At stake is nothing less than access to consumers in the new media environment, one in which those consumers are increasingly eschewing television and magazines for YouTube and Facebook.
The FDA repeatedly has confirmed that a full guidance document on social media — one required within two years by The Food and Drug Administration Safety and Innovation Act (FDASIA) of 2012 — is on track for release in July of this year. Source: (http://www.pharmawatchdogs.com) Of course, that is still six months out, if it is released on time. In the meantime, a week ago the FDA released a preliminary guidance document, Fulfilling Regulatory Requirements for Postmarketing Submissions of Interactive Promotional Media for Prescription Human and Animal Drugs and Biologics.

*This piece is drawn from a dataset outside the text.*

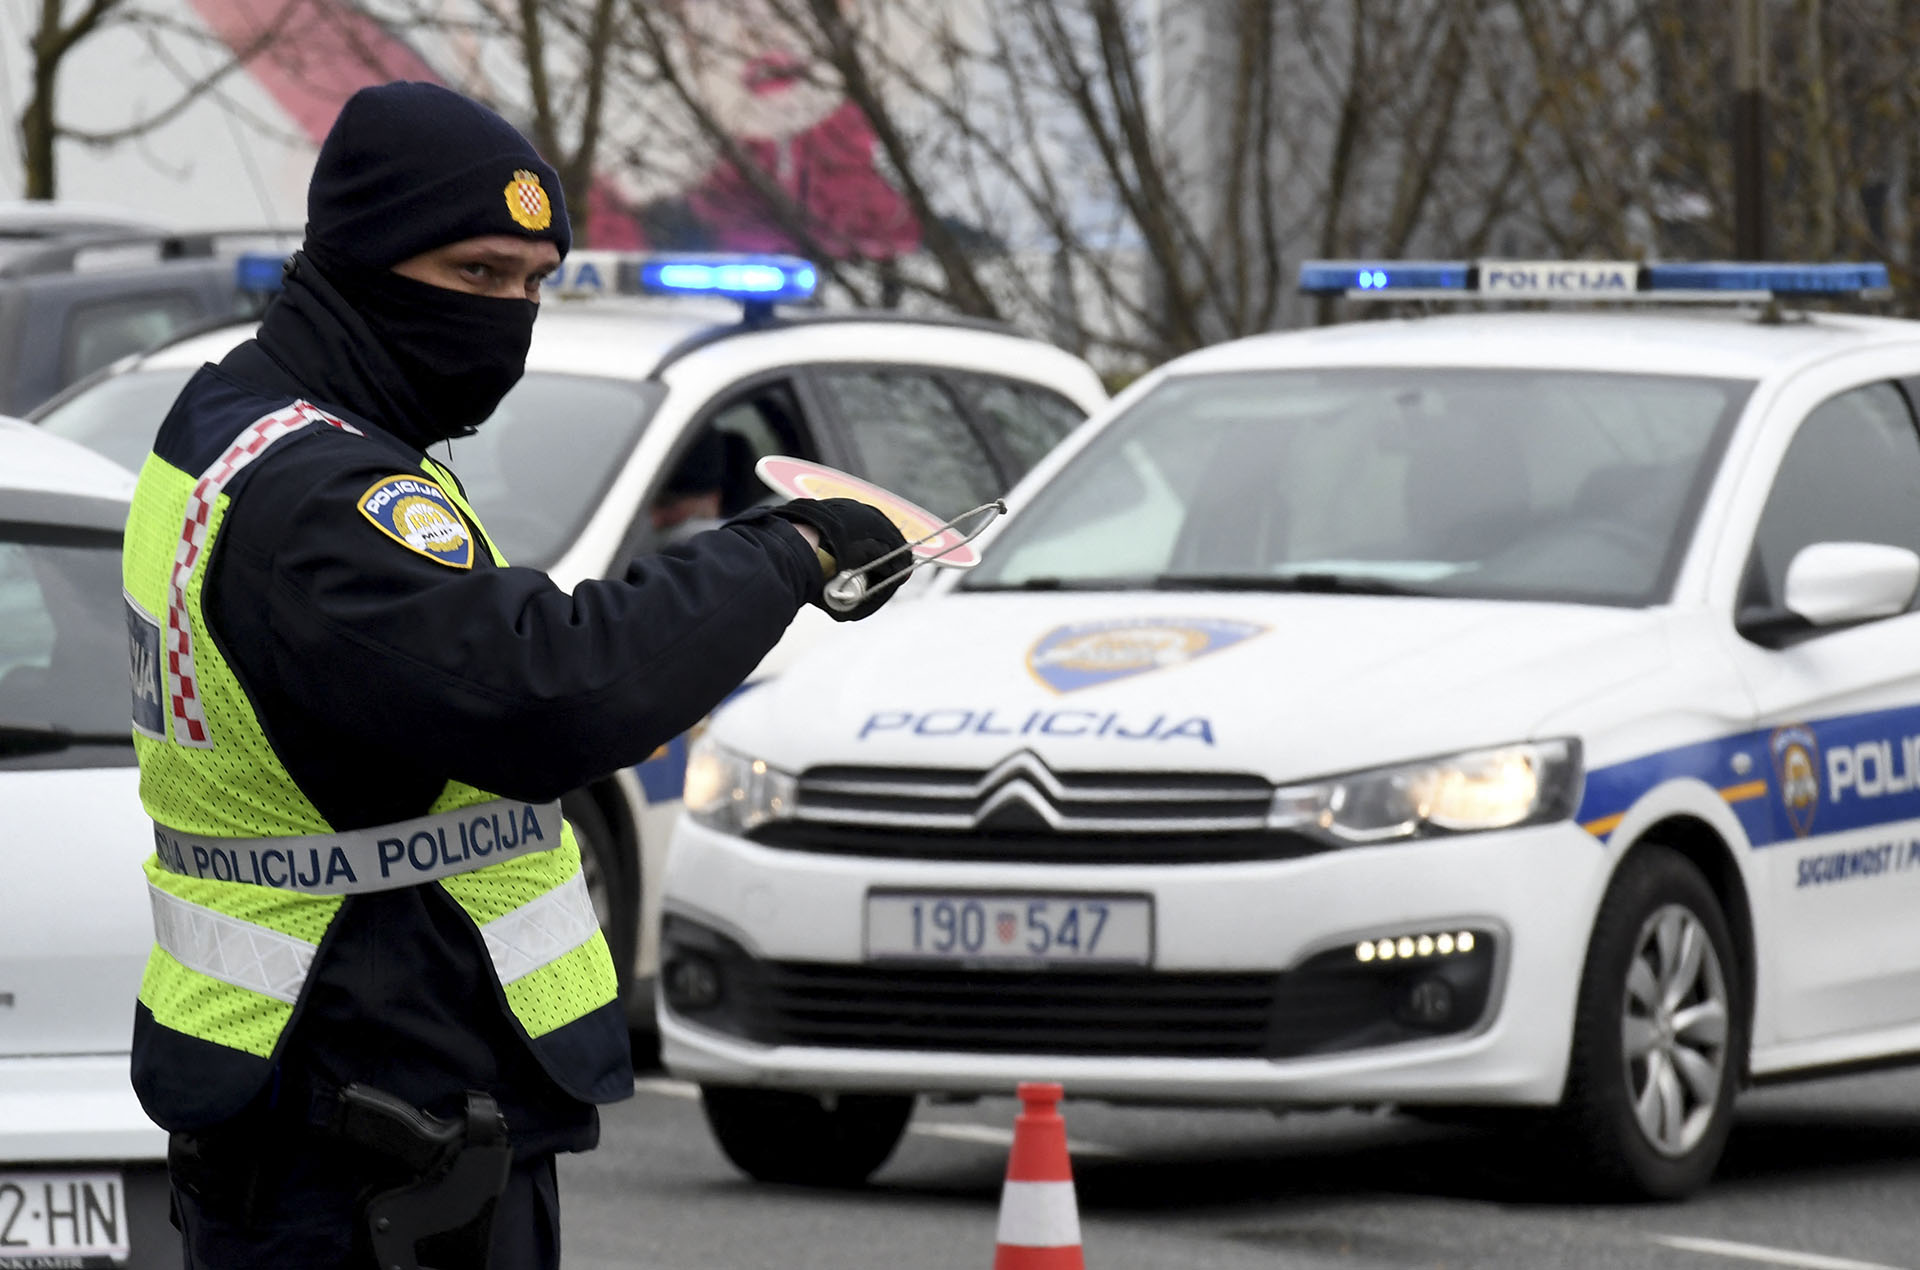 5 éves kisfiú holttestét találták meg egy horvátországi parkoló autójában

It primarily cover the thorny issue of how companies can submit their materials for FDA review.
Let’s look at the important bits.
Third-Party Content
In the draft the FDA notes that companies are generally not responsible for the following types of third-party content:
- ‘Truly independent content’ defined as content not produced or solicited by the company in question.
- Content published on websites financially supported by the company, but over which the company has no editorial control.
- Material found on third-party websites that is not directed by the company, and as long as the company has no influence or control over the website on which those materials appear.
Reporting requirements
Real-time media poses a distinct challenge when it comes to reporting, but a manageable one now that there are guidelines on how to do so. For example, a company using Twitter now must submit information to the FDA on a monthly basis, including a listing of all websites involved. According to the new guidelines, the URLs to the firm’s social media accounts would be sufficient as long as access to the sites remains unrestricted. Notably, no screenshots of conversations will be required. Here are the high points:
- Sites controlled by third parties on behalf of the company are subject to the same monthly reporting schedule noted above.
- The FDA requires notification ‘on the first day the firm ceases to be active on a site.’
- If a site is restricted, the firm’s monthly reporting should include screenshots or other visual representations of the interactions there.
More to come
It looks like social media, or as the FDA calls it, “interactive promotional media,” is getting recognition as a legitimate channel. Thanks to this draft, pharma companies now have a framework within which they can begin to explore the vibrant digital ecosystem. From disease awareness to promotion of new products, the possibilities are extensive. I feel safe in saying that pharma’s engagement on social platforms will be a much-discussed subject.
In the meantime it would behoove members of the pharma industry to become familiar with the new rules.